### Data to use
══════════════════════════════
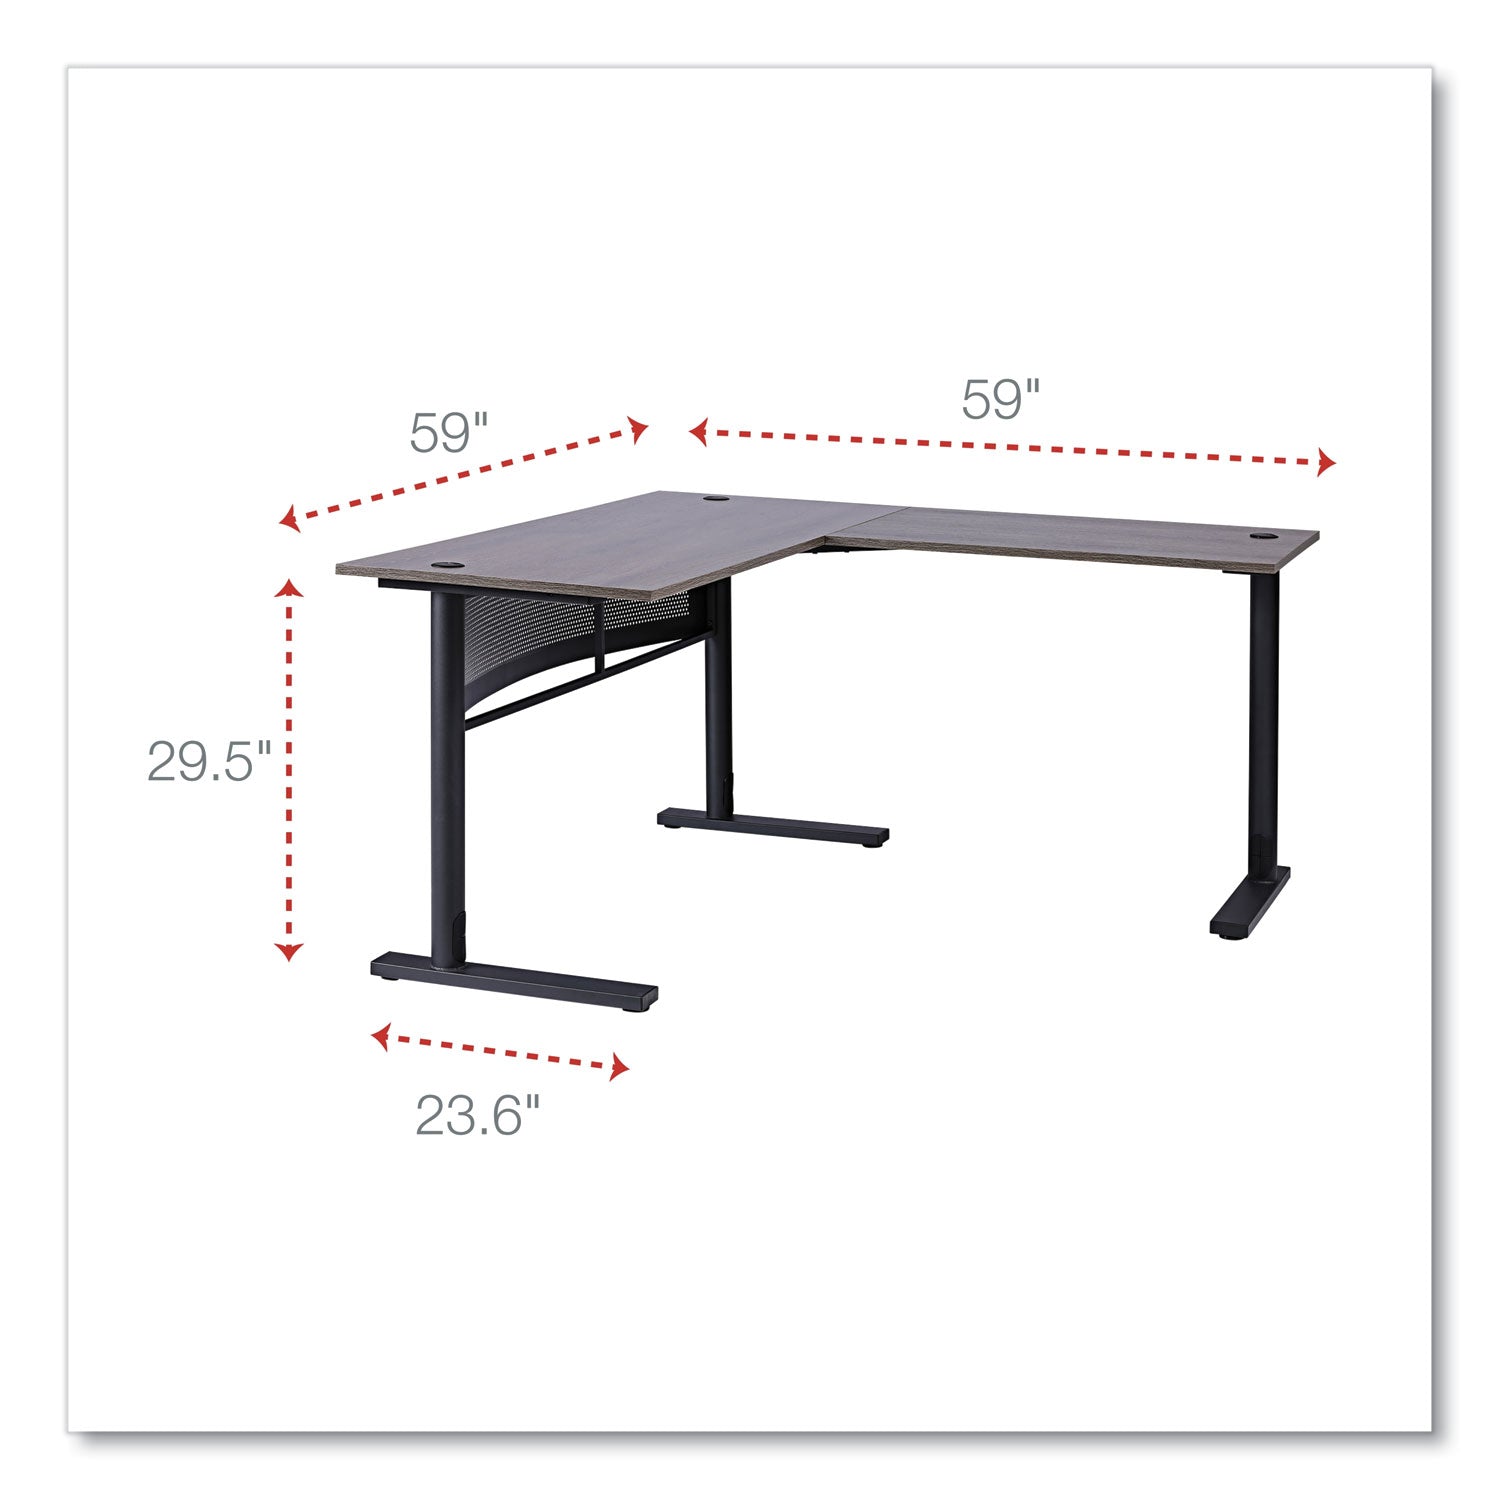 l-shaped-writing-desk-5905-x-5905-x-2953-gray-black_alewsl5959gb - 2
══════════════════════════════
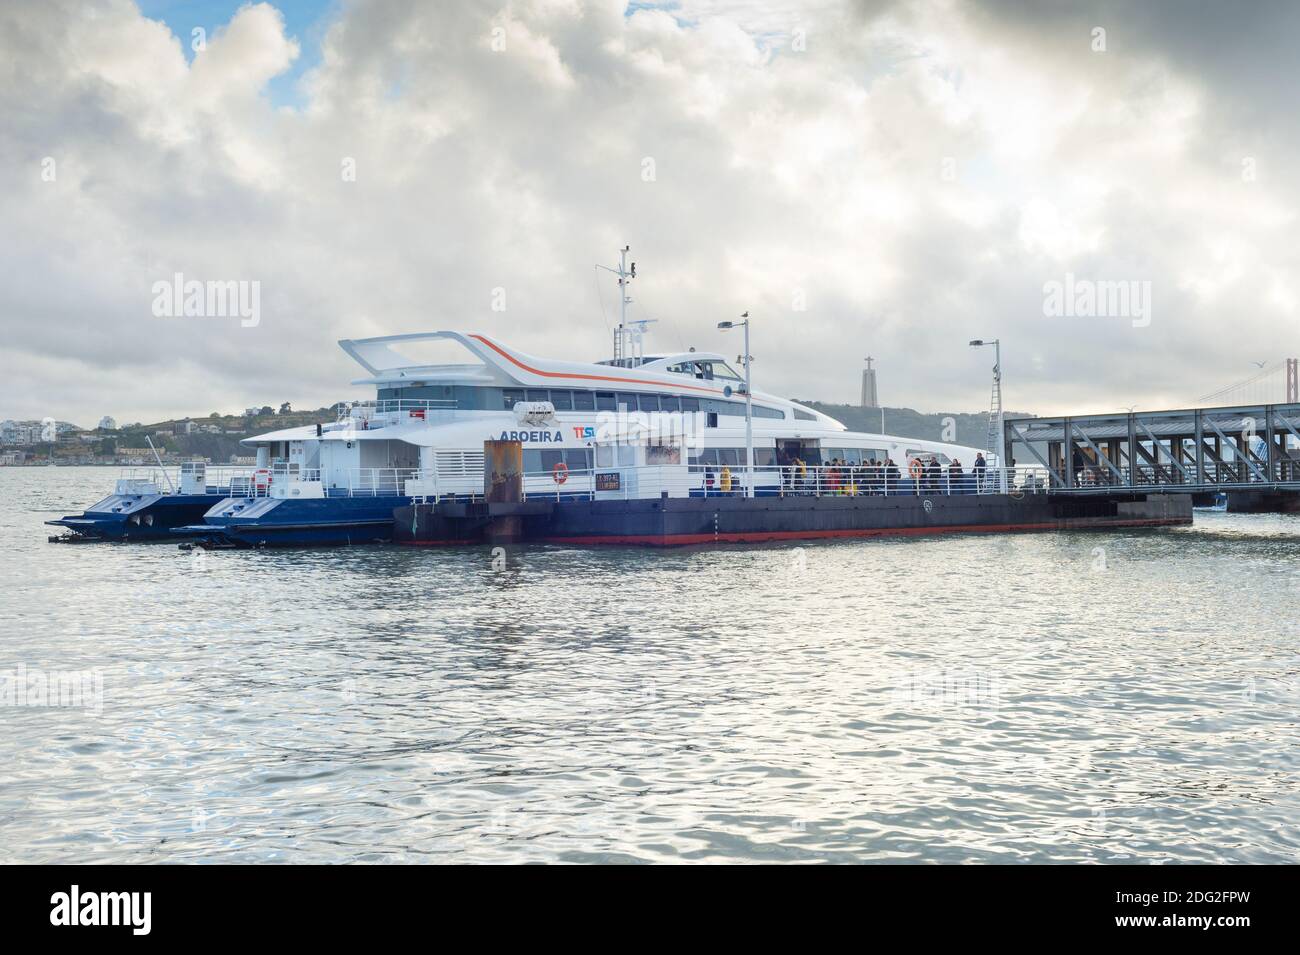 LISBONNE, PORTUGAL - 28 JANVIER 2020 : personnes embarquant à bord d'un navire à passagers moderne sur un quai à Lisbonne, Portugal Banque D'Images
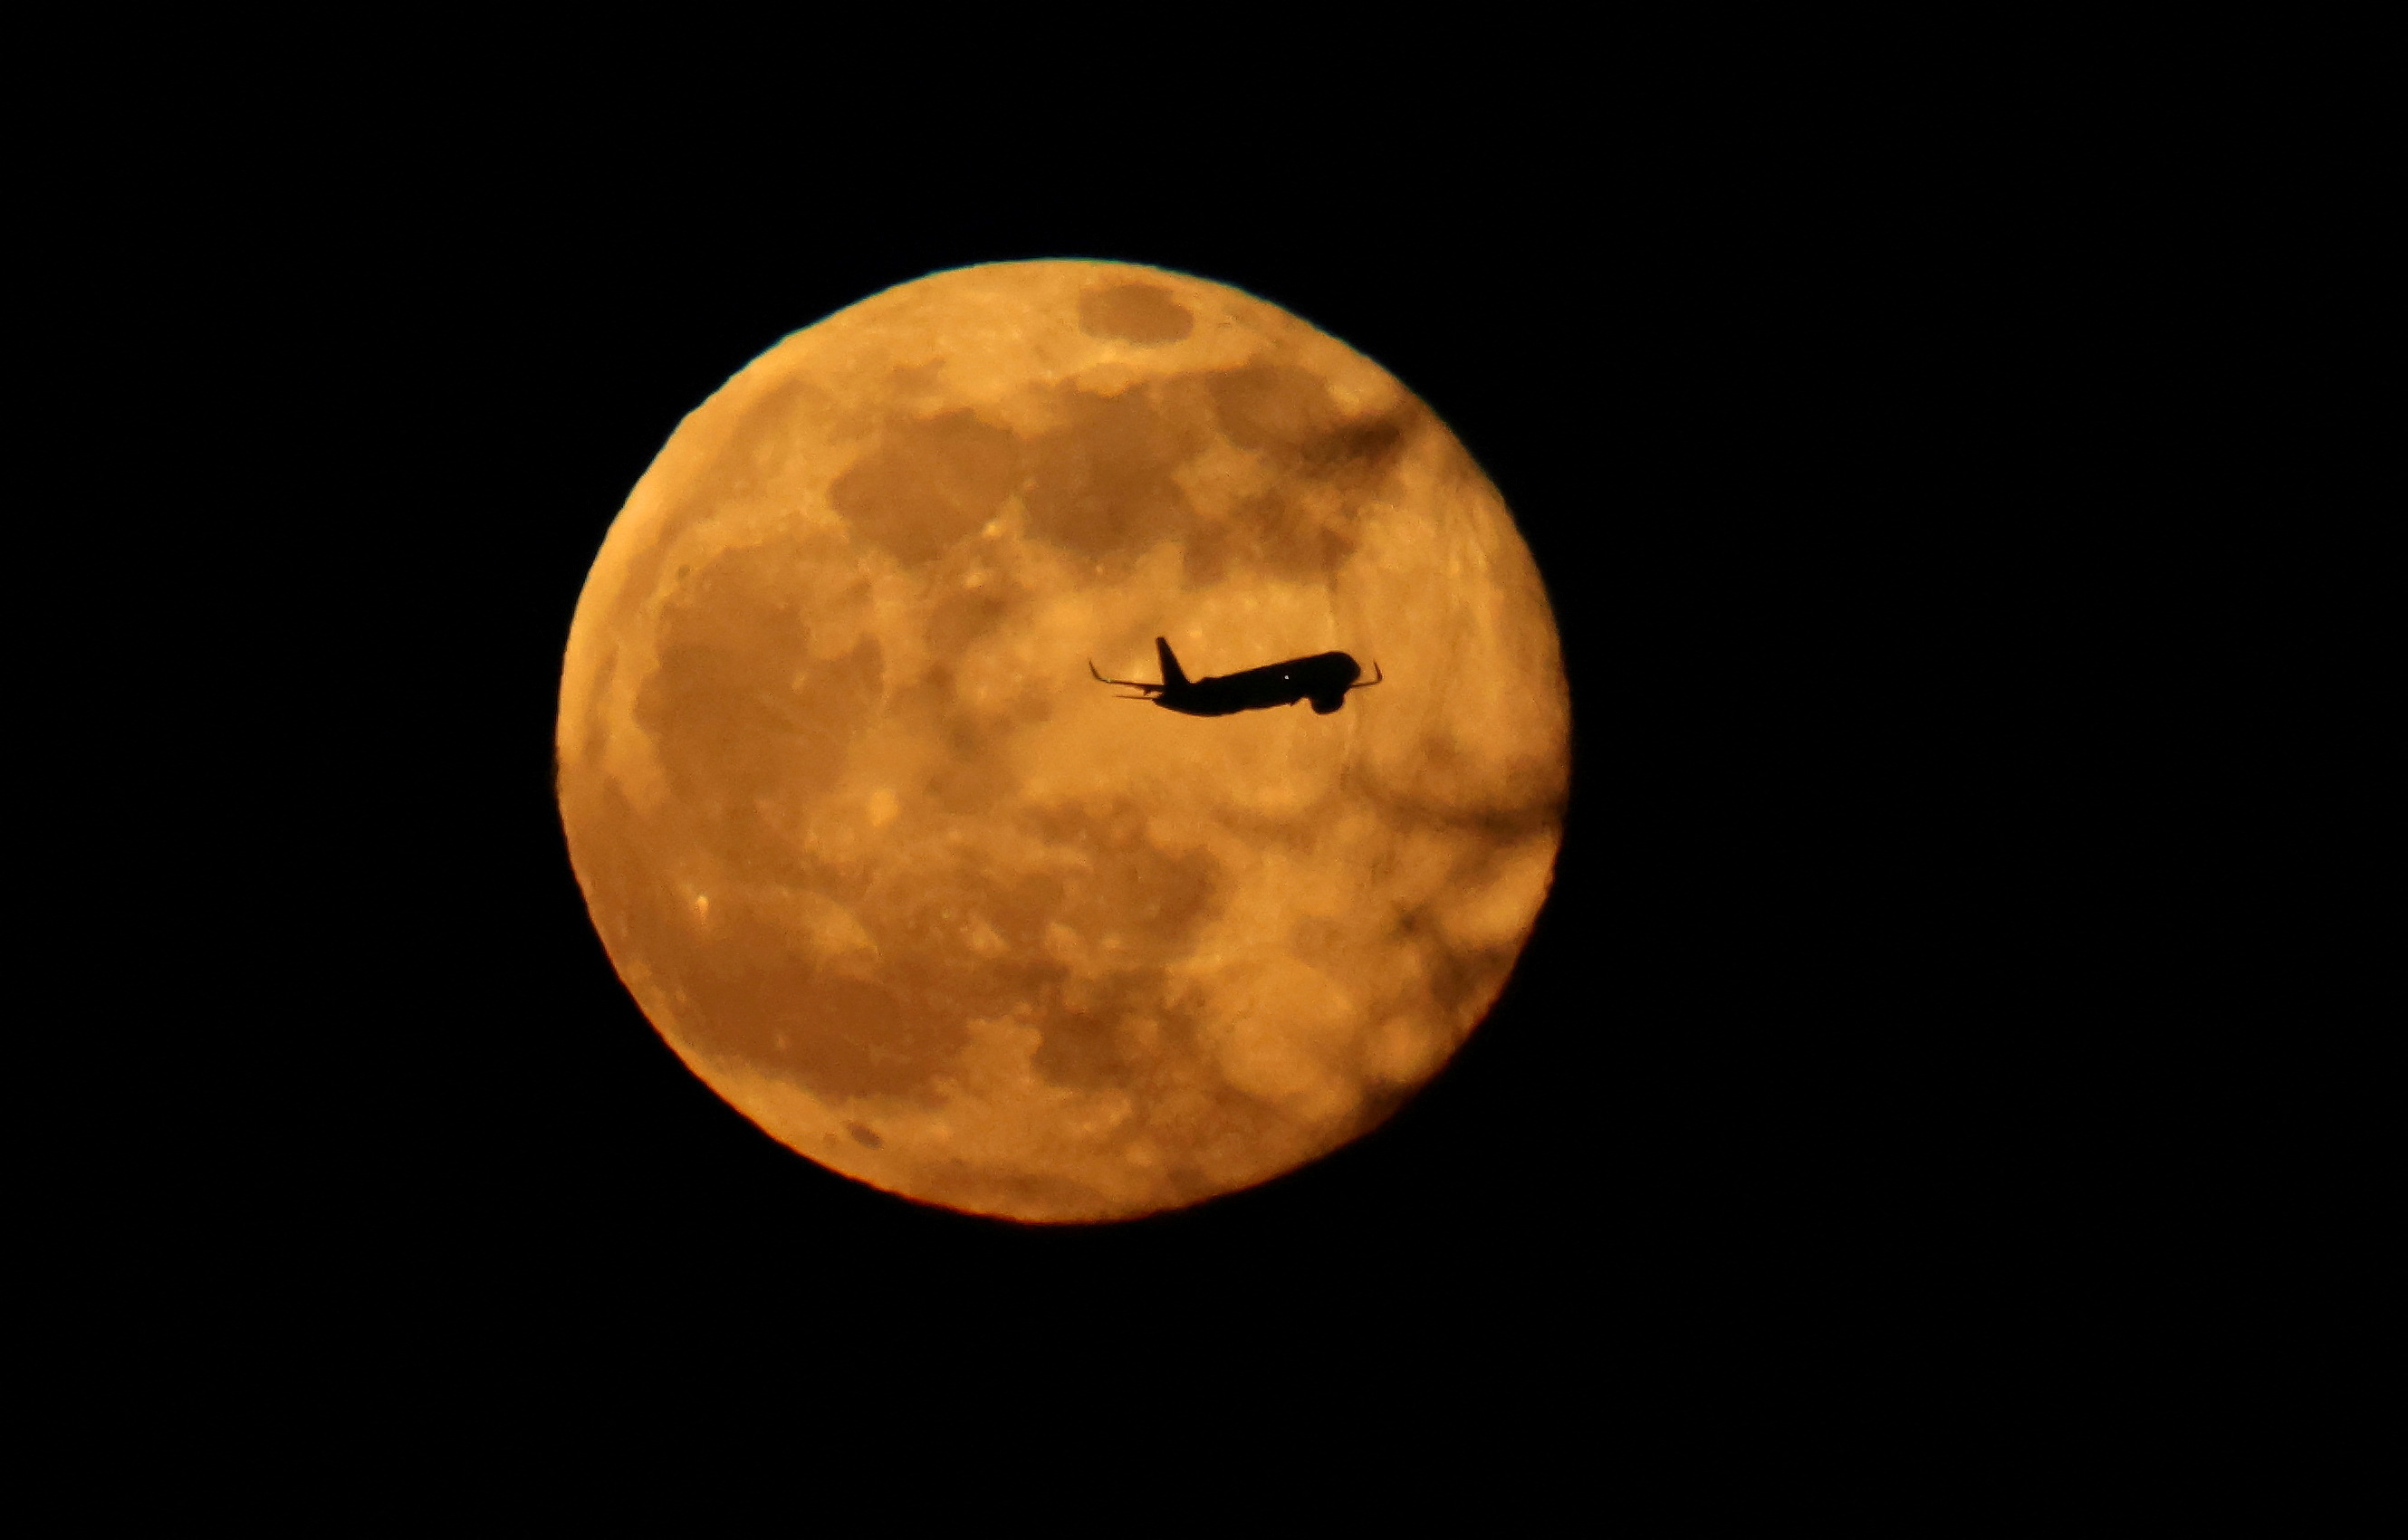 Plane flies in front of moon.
══════════════════════════════
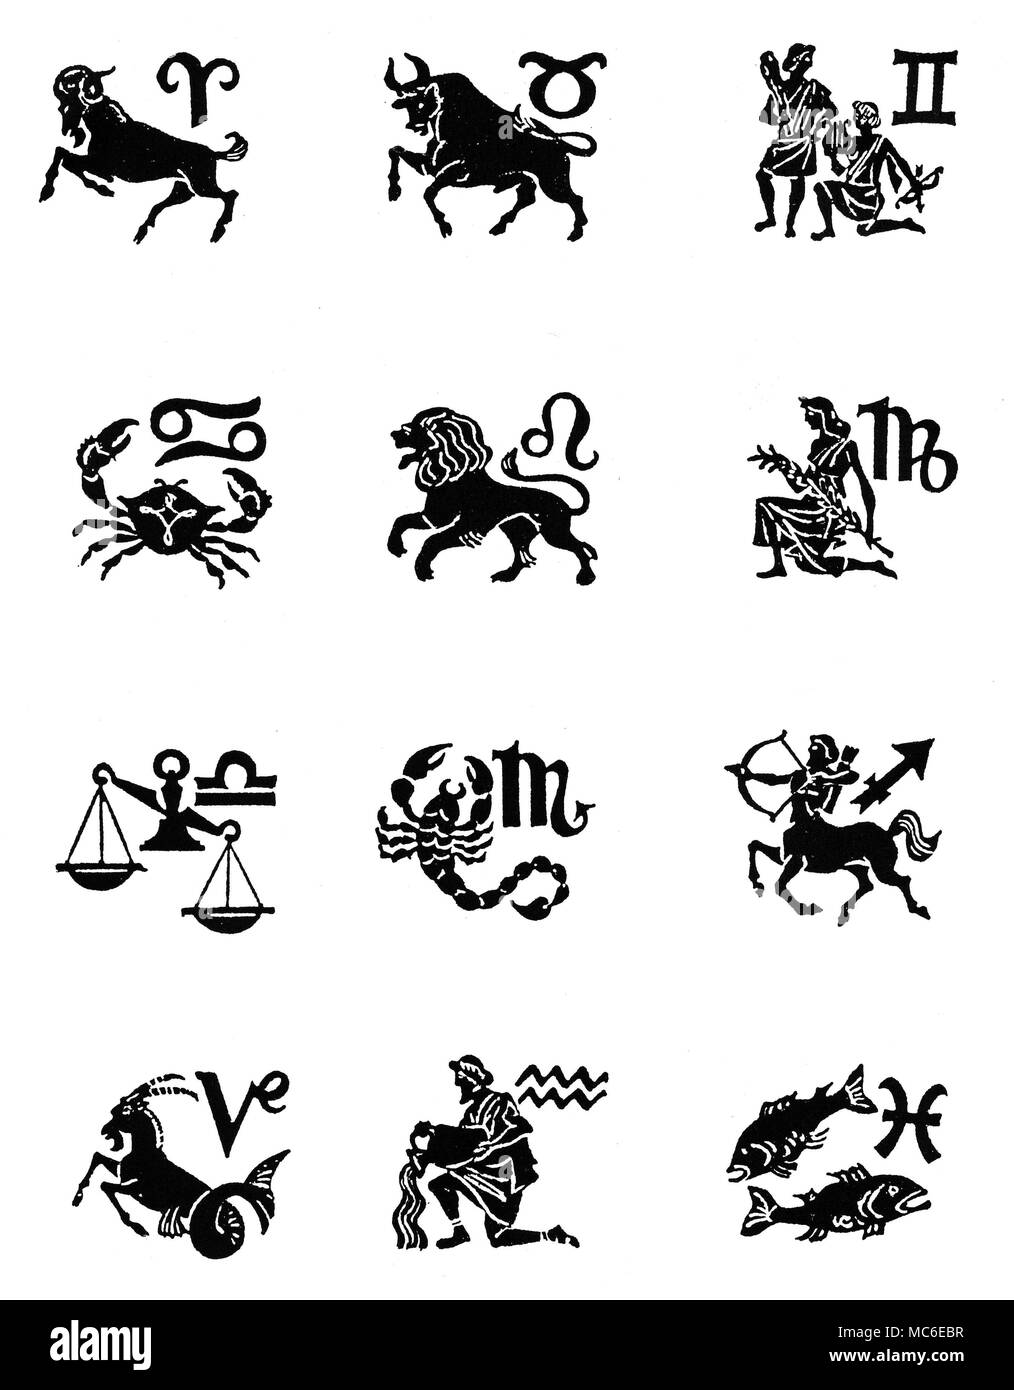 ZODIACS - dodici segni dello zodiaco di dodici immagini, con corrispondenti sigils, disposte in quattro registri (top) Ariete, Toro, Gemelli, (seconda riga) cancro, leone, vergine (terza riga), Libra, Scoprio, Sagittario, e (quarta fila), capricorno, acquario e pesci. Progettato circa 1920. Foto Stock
══════════════════════════════
### What to work on
Look above for the line holding "LISBONNE, PORTUGAL - 28" and output everything from it down to the line holding "Plane flies in front of moon.", both ends included, exactly and without images.

### Final answer
 LISBONNE, PORTUGAL - 28 JANVIER 2020 : personnes embarquant à bord d'un navire à passagers moderne sur un quai à Lisbonne, Portugal Banque D'Images
 Plane flies in front of moon.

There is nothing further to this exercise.